__Data shown__.
==*==

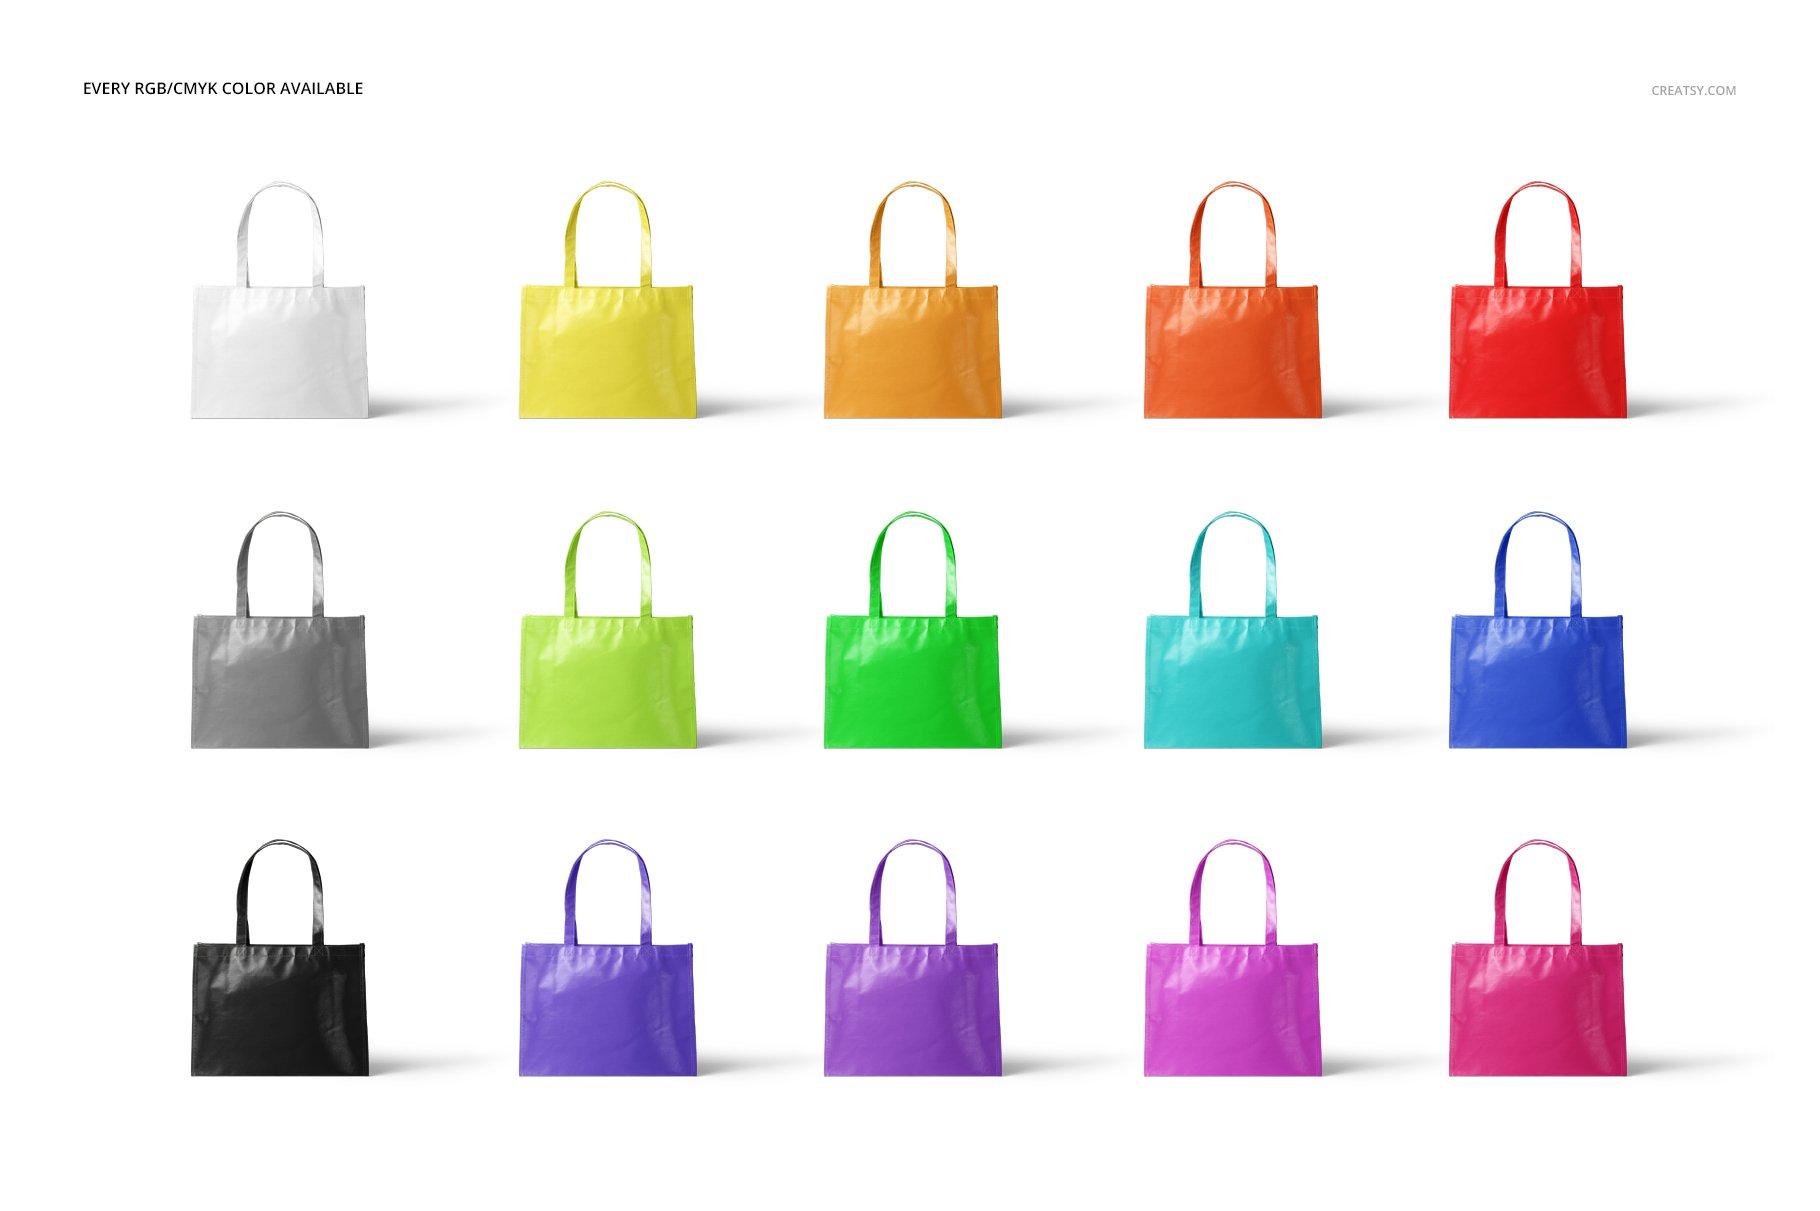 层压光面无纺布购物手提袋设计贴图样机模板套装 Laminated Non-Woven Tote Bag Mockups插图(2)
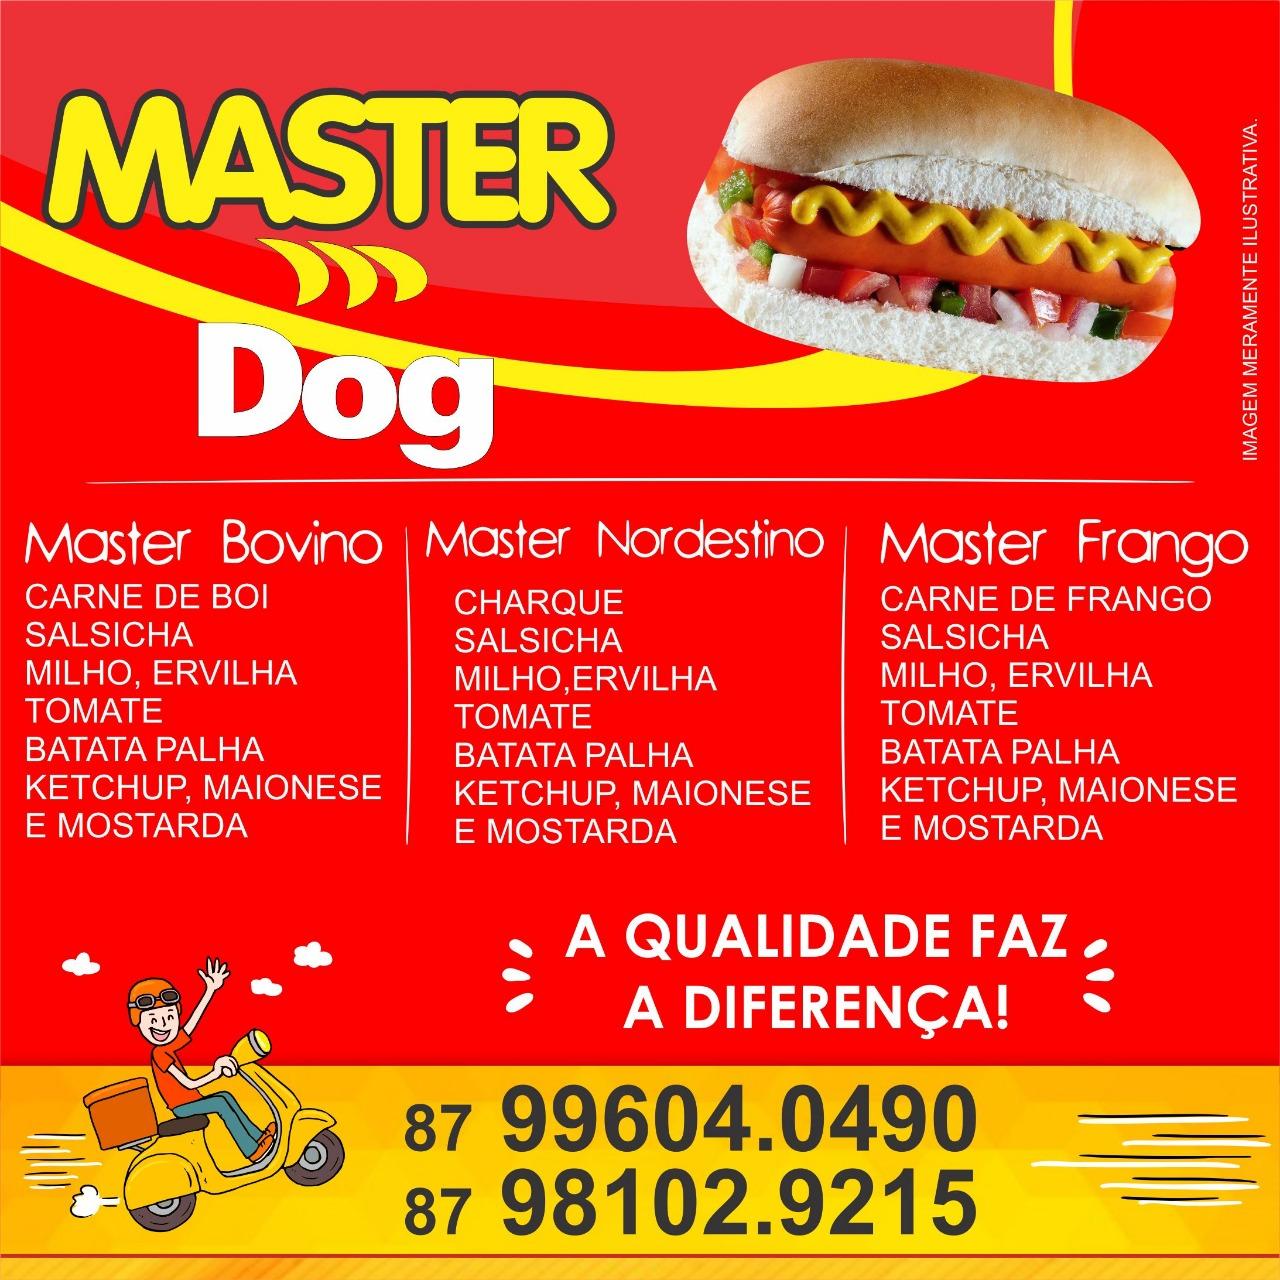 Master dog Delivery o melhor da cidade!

==*==

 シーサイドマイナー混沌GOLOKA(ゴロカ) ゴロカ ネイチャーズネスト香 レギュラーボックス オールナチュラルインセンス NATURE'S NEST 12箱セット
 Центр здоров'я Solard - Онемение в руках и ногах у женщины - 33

==*==

In the listing above, find the line containing "层压光面无纺布购物手提袋设计贴图样机模板套装 Laminated Non-Woven" and the line containing "Master dog Delivery o melhor da cidade!", then write out both of them and every line between, exactly, with no pictures.

 层压光面无纺布购物手提袋设计贴图样机模板套装 Laminated Non-Woven Tote Bag Mockups插图(2)
 Master dog Delivery o melhor da cidade!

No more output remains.